Beyond the decline in the inflow of remittances, there is also the very real possibility of reverse migration. Emigrants, no longer able to count on jobs in the host countries, might be forced to return home. These unplanned-for returns will undoubtedly place greater stress on public health systems and welfare nets, many of which have virtually been dismantled in the preceding decades under the mantra of privatization, at a time when the economies of the home countries are reeling from the effects ot the pandemic. There is a very real fear that the economic depression will see a new wave of anti-immigrant sentiment, of insular nationalism, of hardening borders that will put diasporic populations, particularly working-class migrants, at great risk. However, this crisis could be an opportunity to re-consider what kinds of investments might be needed for genuine development projects as well the nature and role of nationalism, as well as the state in a globalized world.

Notes

  • 1 While the biggest, the rally in Houston was not Modi’s first rodeo in the United States, so to speak. In 2014, a packed crowd of over 19,000 greeted the Indian Prime Minister at a gathering in New York’s Madison Square Garden, marking his triumphant entry into the United States after the visa ban episode. In the years between the two events, the Indian Prime Minister continued wooing the diaspora across the world, packing venues in the UK, Australia, France, Portugal and the Netherlands as part of a concerted effort to woo the diaspora or at least the part of the Indian diaspora settled in the developed world.
  • 2 The cover of the magazine featured the now-deceased US astronaut of Indian origin, Kalpana Chawla.
  • 3 The success of the “Resurgent India” bonds was presented as a clear symbol of the commitment of overseas Indians to the Indian nation-state as it finally proved itself worthy of their regard. BJP spokesperson S. Gurumurthy, for instance, declared:

The sound of the bomb revived Indian civilization, which has been in intensive care unit for

centuries____ [The nuclear tests] made [overseas Indians] shed their shame in associating with

India, which to them was a failed civilization... After that, the NRIs, who used to abuse India, began admiring India. From then on gradually national self-confidence grew.
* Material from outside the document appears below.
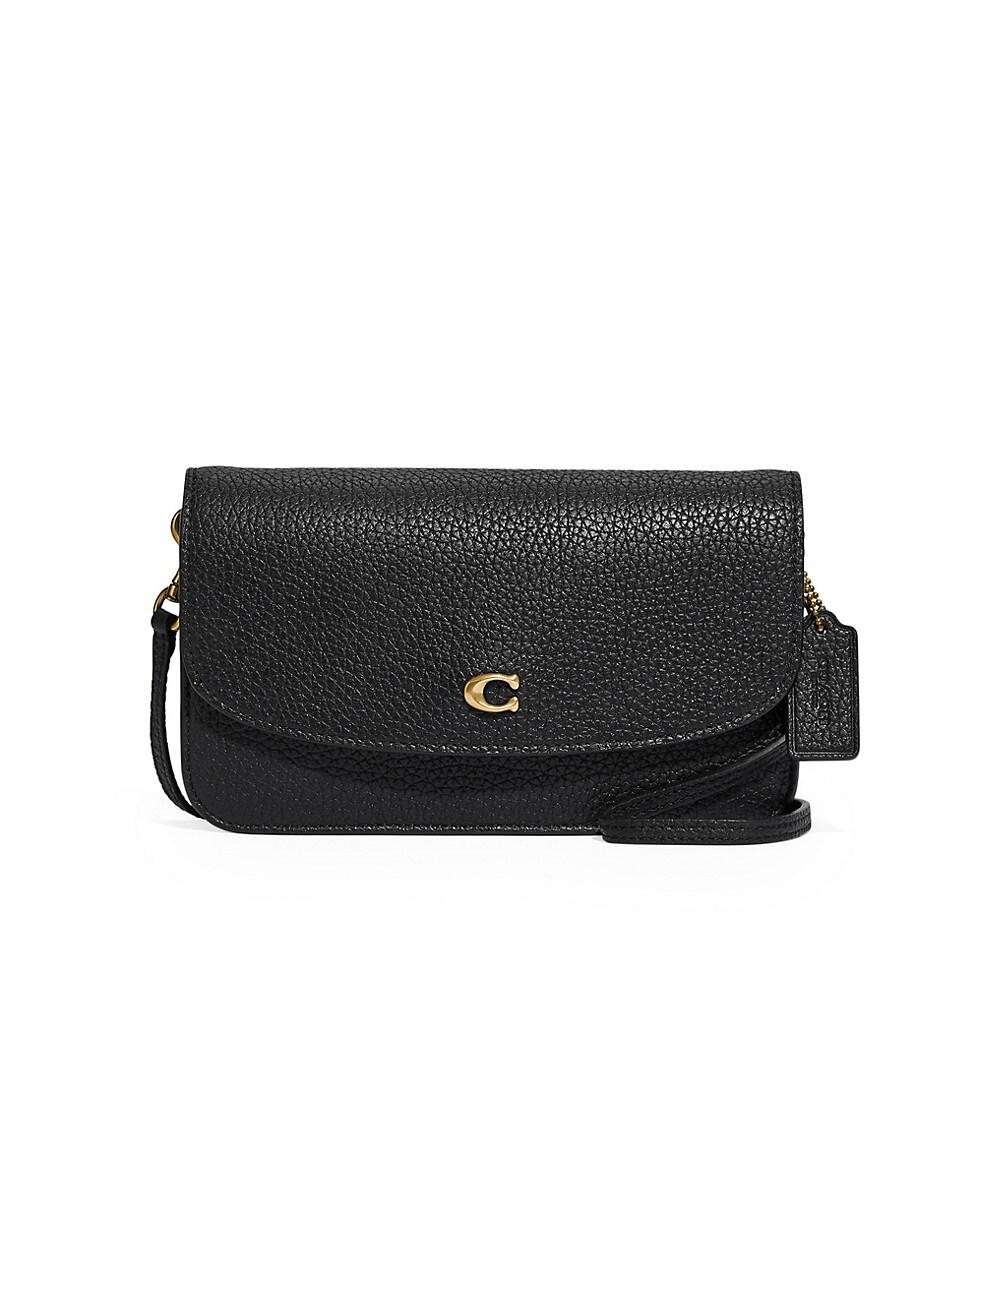 코치 크로스바디백 COACH Hayden Leather Crossbody Bag,BLACK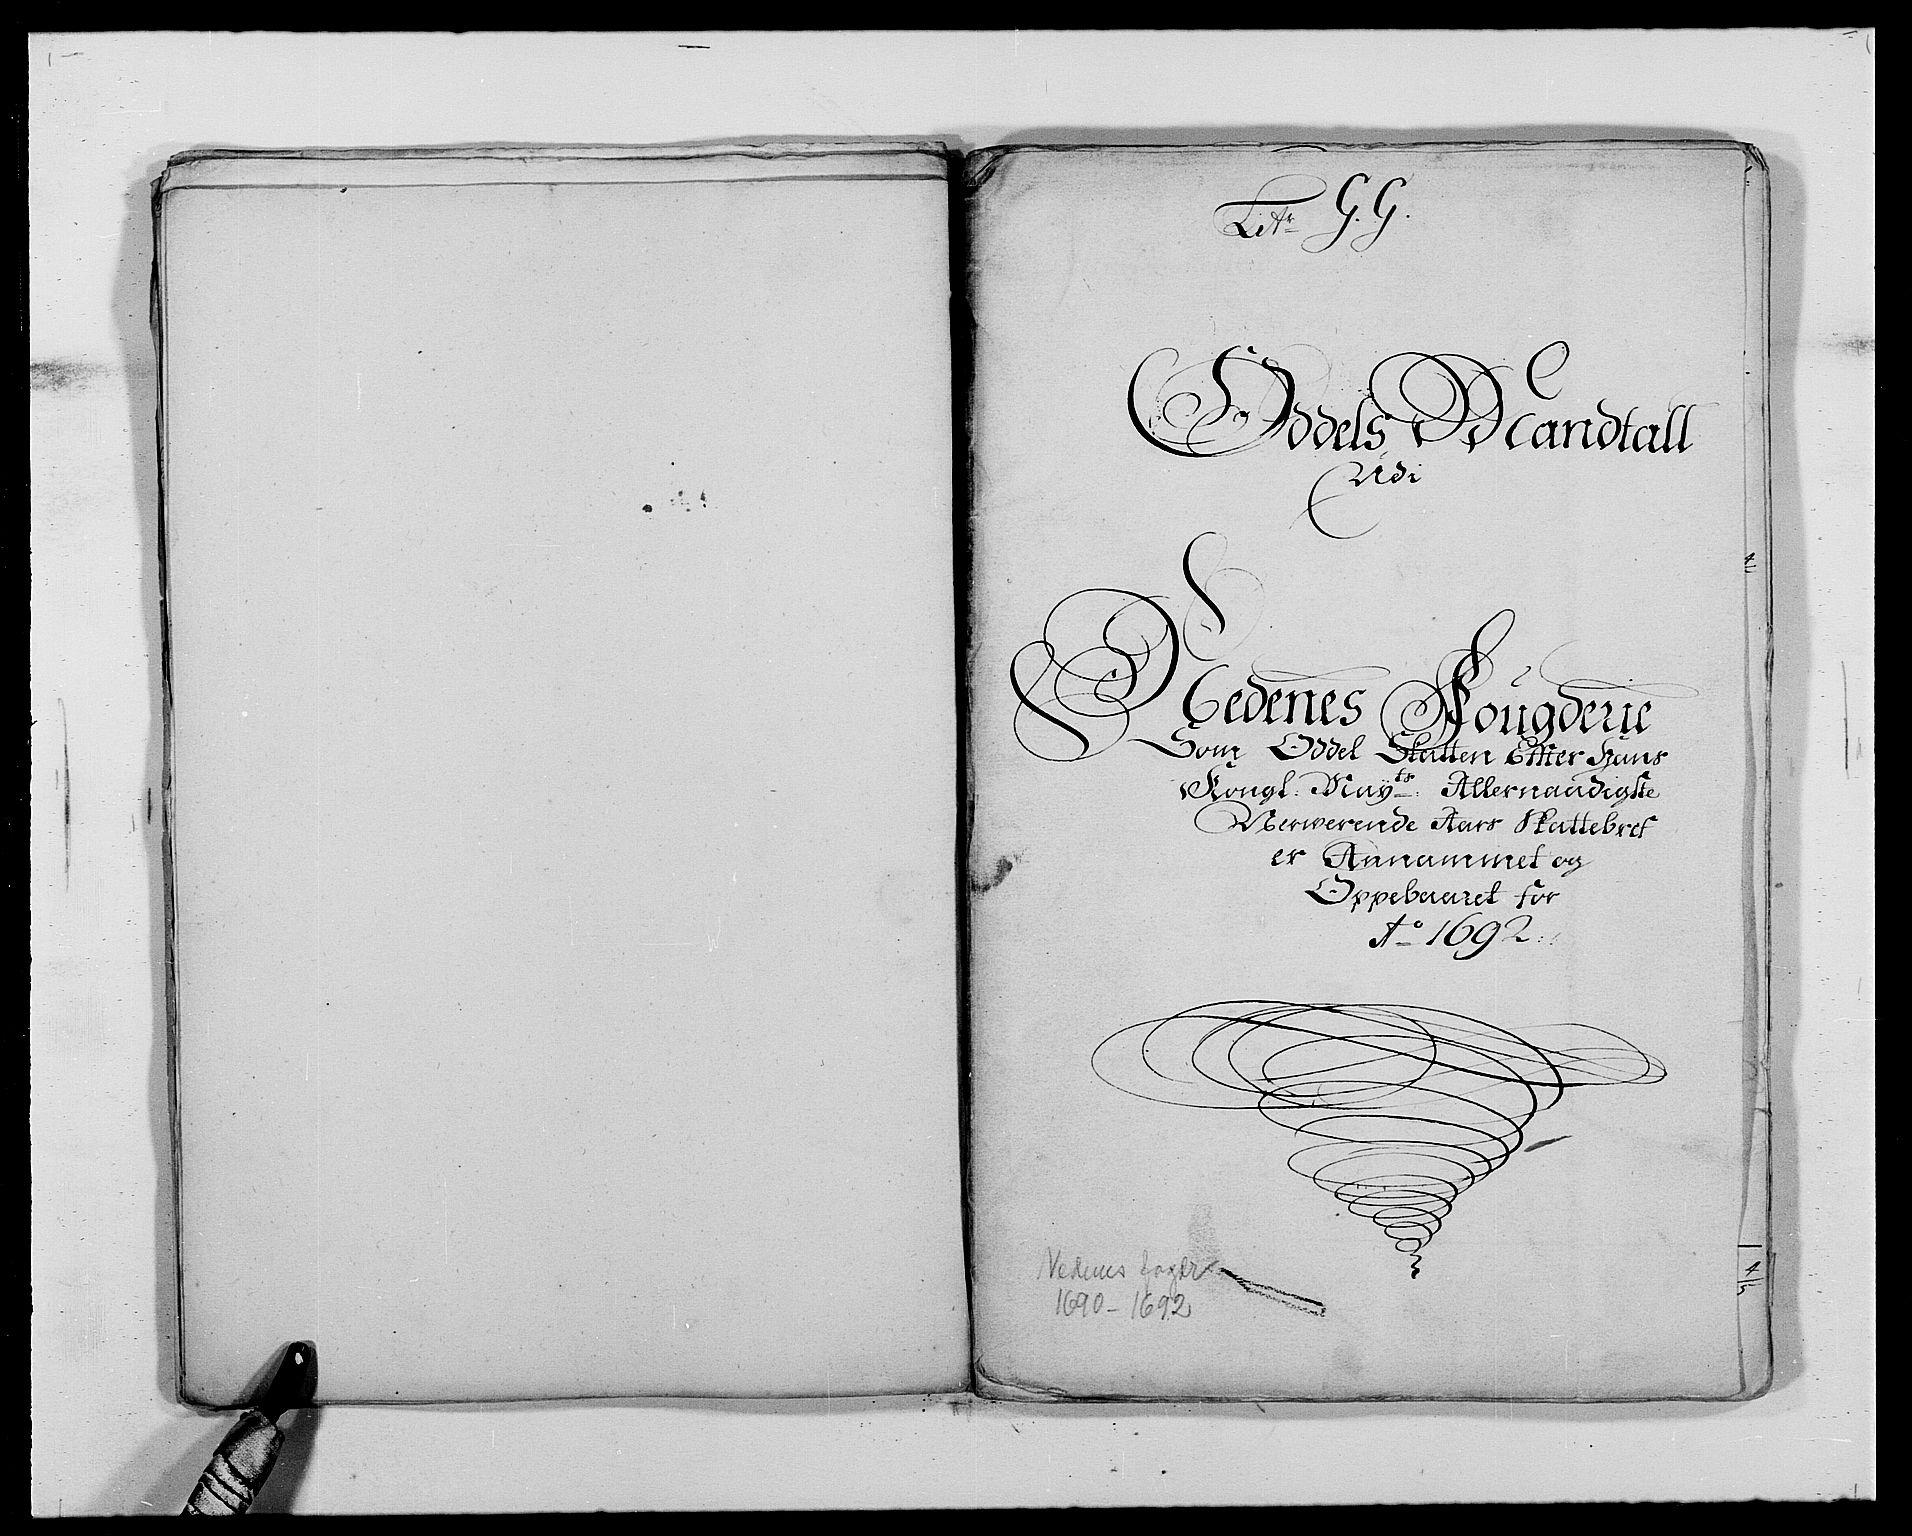 RA, Rentekammeret inntil 1814, Reviderte regnskaper, Fogderegnskap, R39/L2311: Fogderegnskap Nedenes, 1690-1692, s. 161

Leaving aside the absurdity of the claim that anything, let alone a “failed civilization,” could be revived by nuclear states, this apparently unironic statement fails to mention one important fact that might have had something to do with the rush of subscriptions. The bonds had an unusually high return rate of 8.5%.

4 Challagalla (2018), for instance, tries to make the case that unlike the BJP, the “Indian National Congress tends to dissociate from the diaspora and views them as largely burdensome.” And that, this view is evident when one considers the fact that the Congress-led Indian government turned a “blind eye” to the plight of the diaspora that was expelled from Burma (1964) and Uganda (1972). This argument, as I have shown elsewhere, while correct in terms of broader contours of state policy, not only overlooks a few important empirical details, but also completely misses the logic of transformation undergirding the Indian state’s relationship to its diaspora. See Varadarajan (2010) for a more detailed analysis of this claim.